Prima di girare, l’attore ha fatto uno studio molto dettagliato sulla storia, sui protagonisti, sul contesto storico e sulla difficile situazione vissuta da due poveri innocenti usati come capro espiatorio. L’abilità di Volontè è proprio quella di risultare follemente credibile, di farti immergere nel racconto pensando d’assistere ad un documentario interpretato dal vero Vanzetti.

Con lui recita anche uno straordinario Riccardo Cucciola che interpreta Nicola Sacco. 1920, America, a seguito di un attentato dinamitardo attribuito al movimento anarchico e mai rivendicato, vengono rastrellati numerosi italiani. Sacco e Vanzetti sono trattenuti con l’accusa di rapina a mano armata ed omicidio.
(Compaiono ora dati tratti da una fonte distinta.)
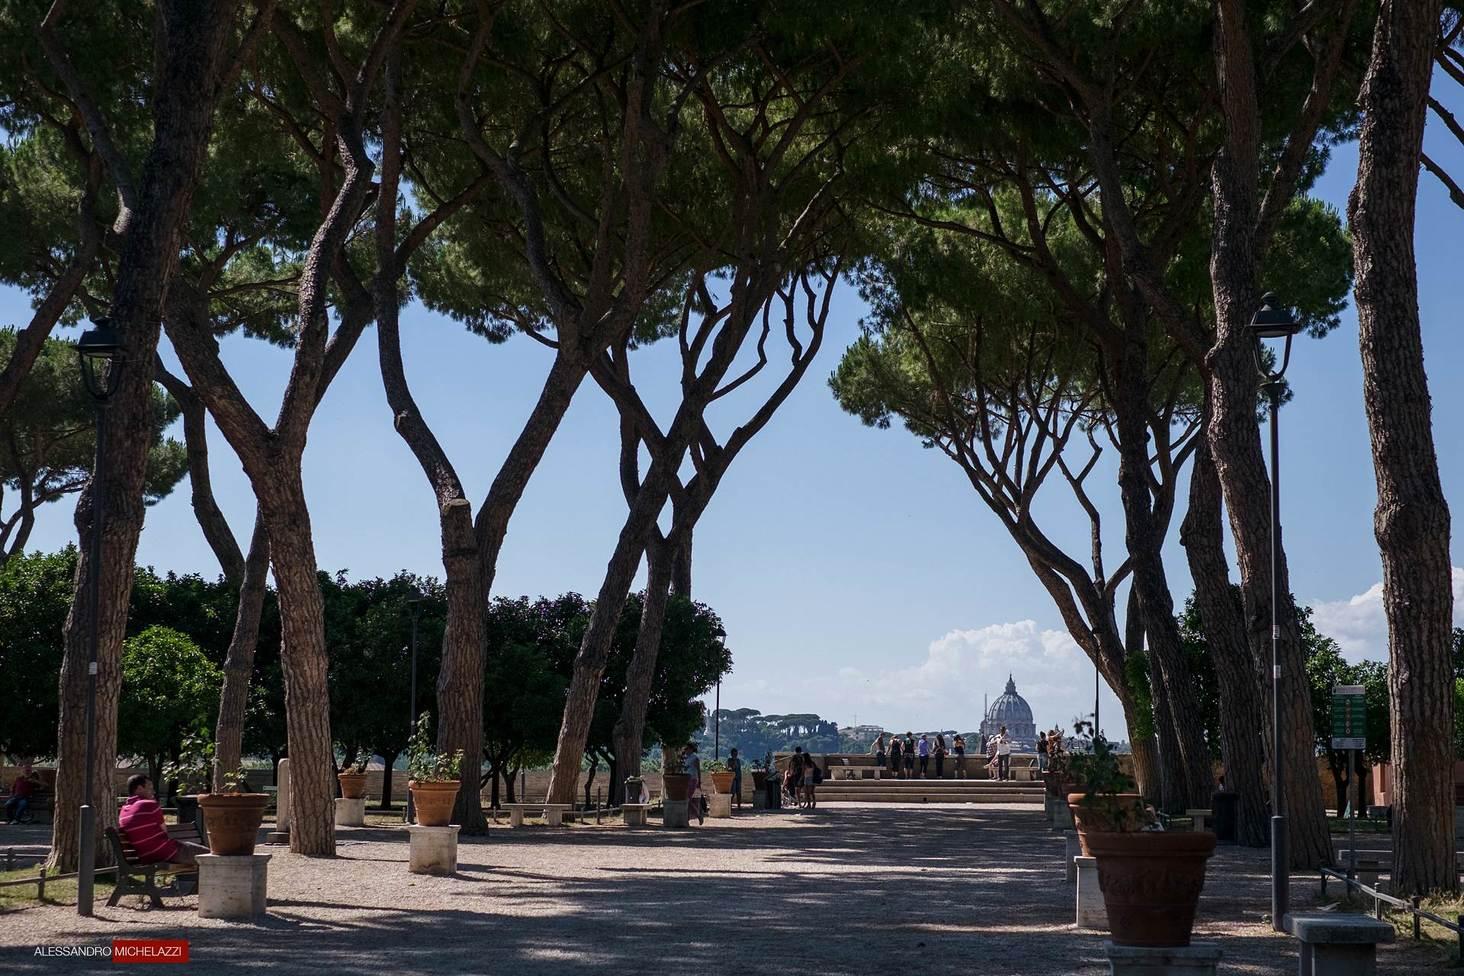 The beautiful view in the Piazzale degli aranci in Rome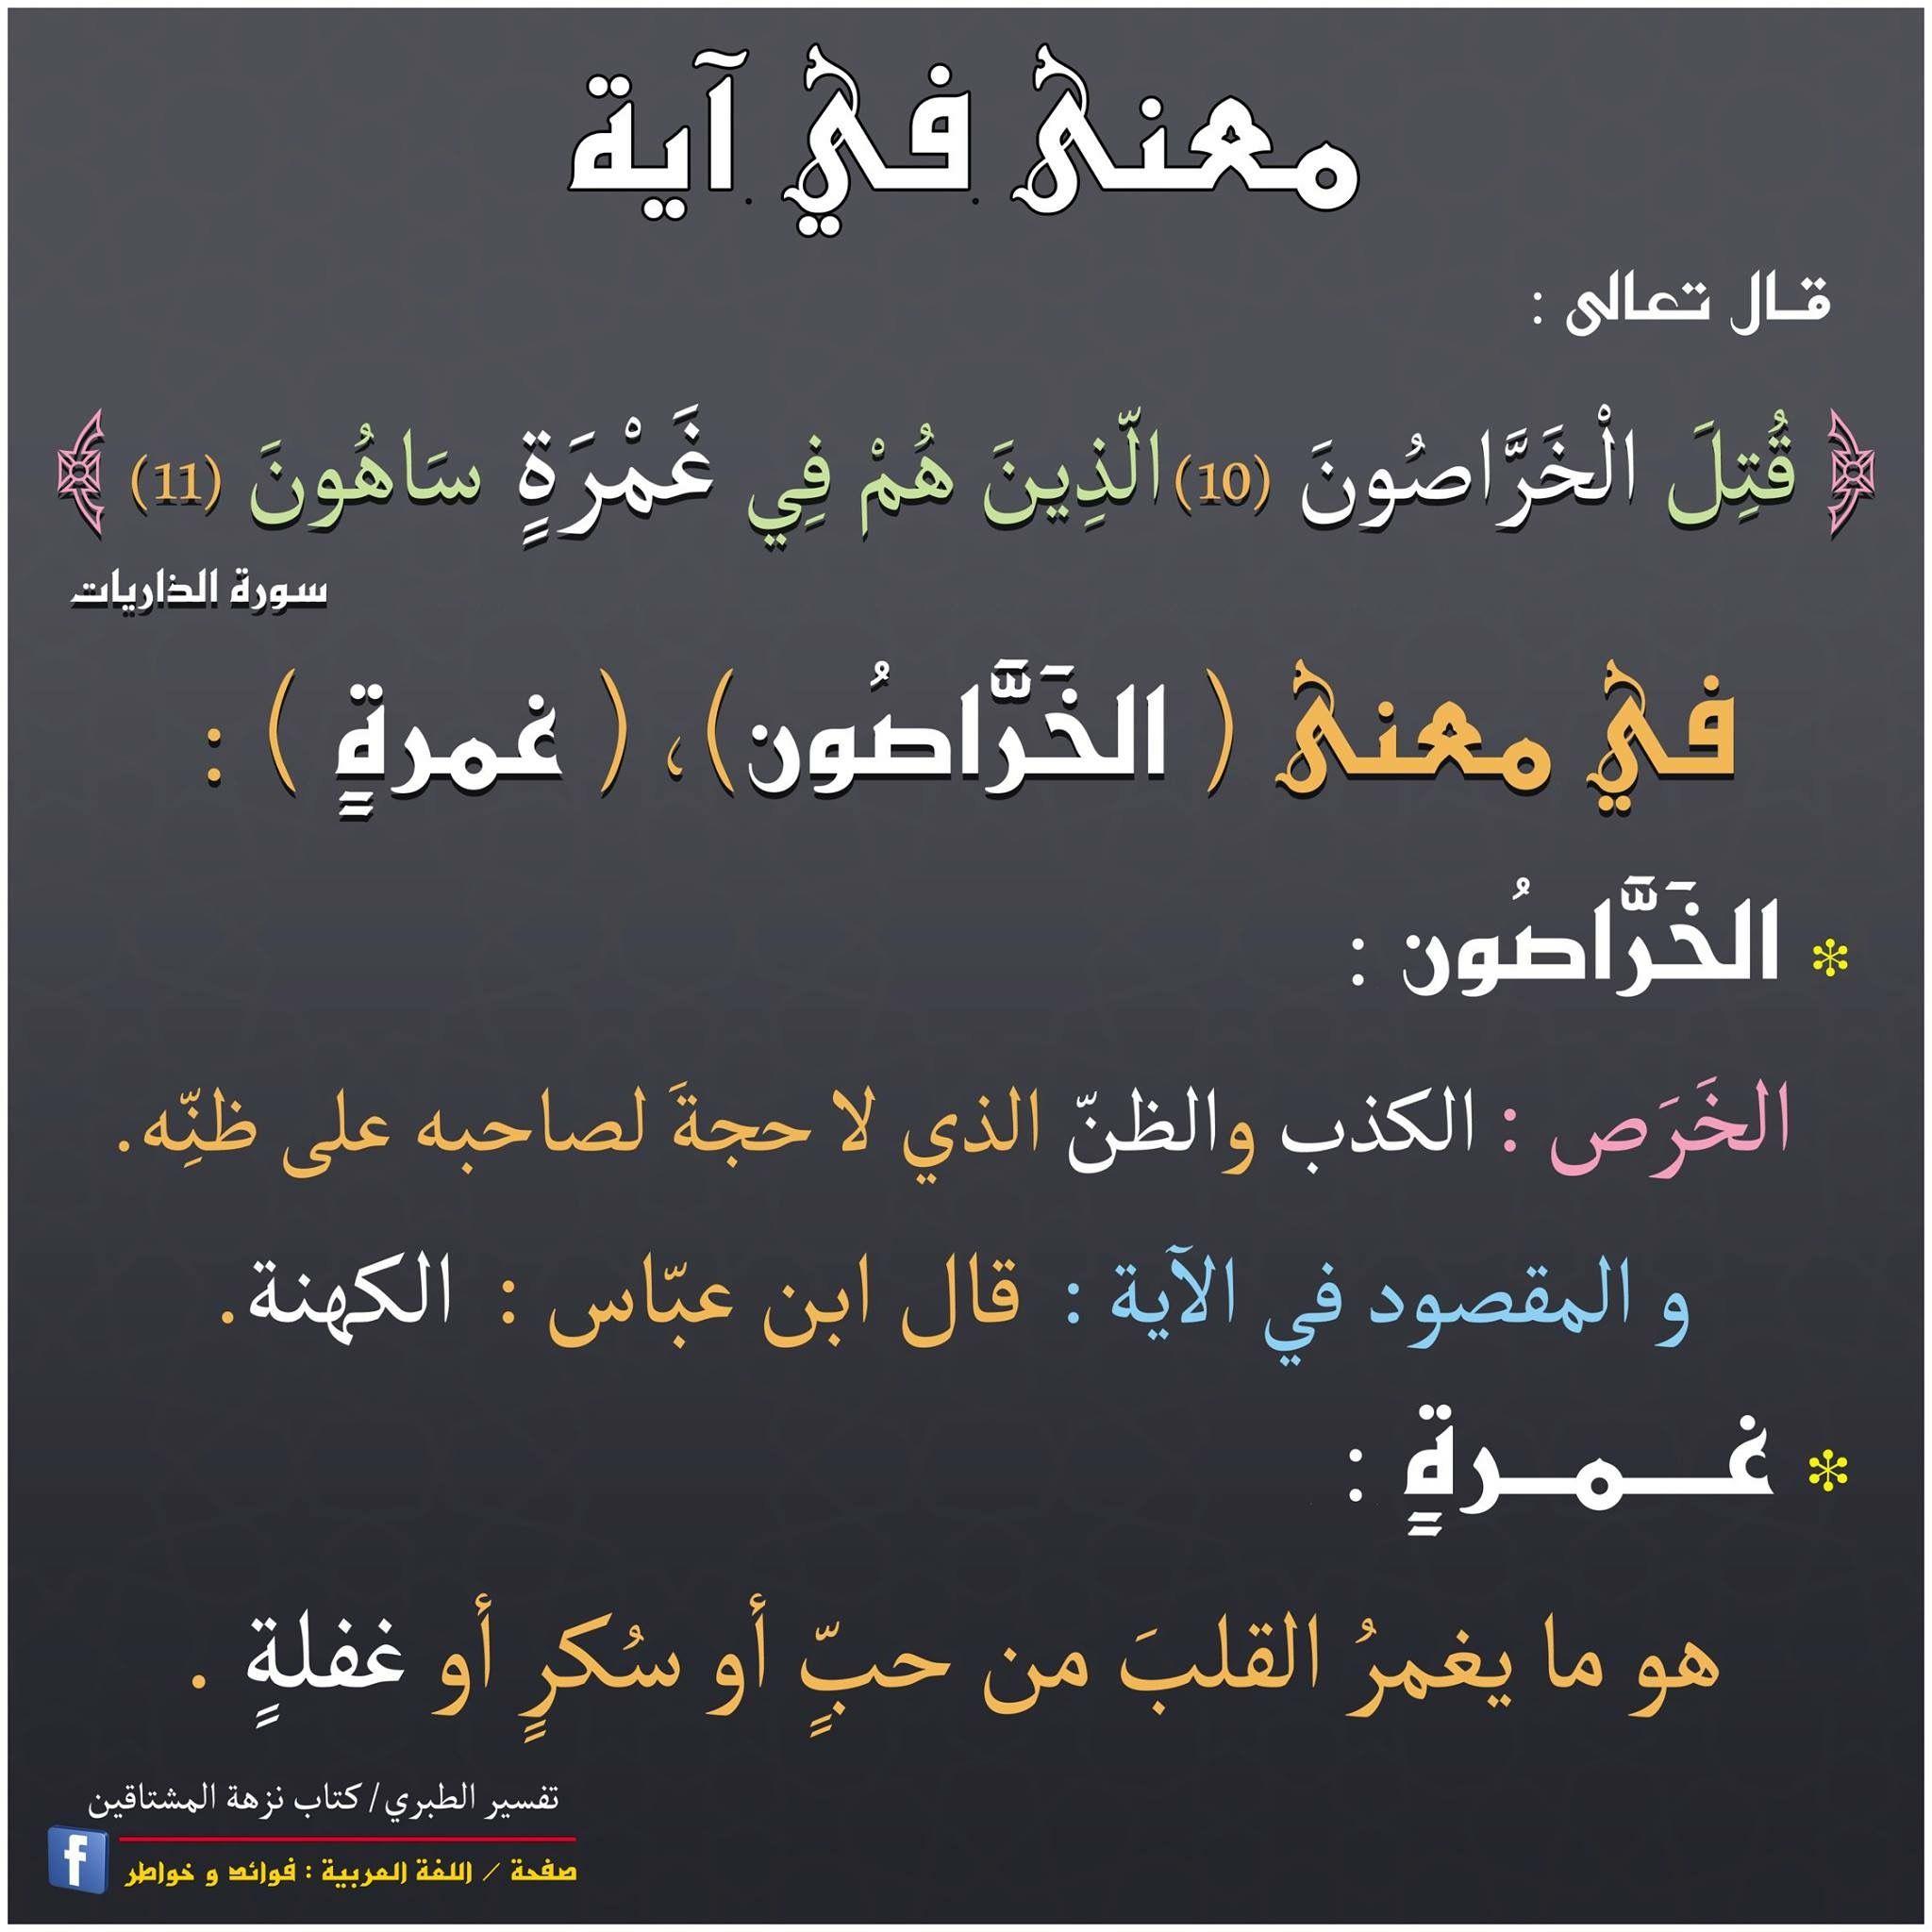 Pin By Beyaz Siyah On ٥١ سورة الذاريات Islamic Quotes Islamic Quotes Quran Arabic Quotes

Il processo, pur evidenziando la loro innocenza, condannerà a morte i due italiani.

Bartolomeo Vanzetti e Nicola Sacco moriranno sulla sedia elettrica nel 1927. Citiamo anche la colonna sonora del maestro Ennio Morricone. Volontè ha fatto un percorso lunghissimo, ha recitato in 56 film ed ha avuto il coraggio di affrontare tantissime sfide diverse.

 

IL CASO MORO: IL PRIMO AD INTERPRETARLO

 

Muore Gian Maria Volonté, leggenda del cinema. Era il 6 dicembre 1994 

 

1986, Giuseppe Ferrara: film tratto dal libro del 1982 intitolato I giorni dell’ira, il caso Moro senza censure di Robert Katz. È stata la prima pellicola cinematografica a narrare l’intera vicenda del rapimento di Aldo Moro interpretato da uno stratosferico Gian Maria Volontè. Il film offre una narrazione che si propone di essere neutrale. Gli stati d’animo di Moro sono quelli che si evincono dalle lettere scritte da lui stesso.

Ogni volta che rivedo questo film, capisco quanto Volontè giocasse per vincere: quando usciva con personaggio non temeva di non essere credibile perché aveva fatto uno studio maniacale di ogni stato d’animo. Ho accettato quel periodo storico proprio grazie ad una testimonianza così fedele dell’attore milanese. Il film ripercorre cronologicamente i 55 giorni del rapimento in Via Fani, sino al ritrovamento del corpo del presidente della Democrazia Cristiana in Via Caetani.

Volontè, per questo ruolo, ha vinto l’Orso D’Argento come miglior attore protagonista al Festival di Berlino nel 1987. È stato il primo ad interpretare sul grande schermo lo sfortunato politico caduto in mano delle Brigate Rosse. Dopo di lui, altri hanno tentato l’impresa. Fra tutti vorrei citare il film del 2003 di Marco Bellocchio, Buongiorno, notte. In quel caso è stato Roberto Herlitzka ad assumersi la responsabilità d’assumere l’identità di Moro. Devo dire che è stato altrettanto bravo e convincente. L’attore torinese ha confidato di stimare molto Volontè e di aver lavorato anche a teatro con lui.

Trovate facilmente su Youtube proprio una intervista di Herlitzka dedicata a Volontè, dove spiega divertito tanti aspetti del grandissimo attore anche fuori dal palco. Confessa anche che avesse un carattere non facile e che inizialmente non si ponesse in modo generoso con attori di minor fama. Afferma che al cinema molto probabilmente è stato il massimo per la sua capacità di mimesi nei confronti dei personaggi che interpretava. Dice che il suo Moro è stato eccezionale perché aveva una ricerca verbale importante, non si accontentava mai di trasformarsi soltanto fisicamente.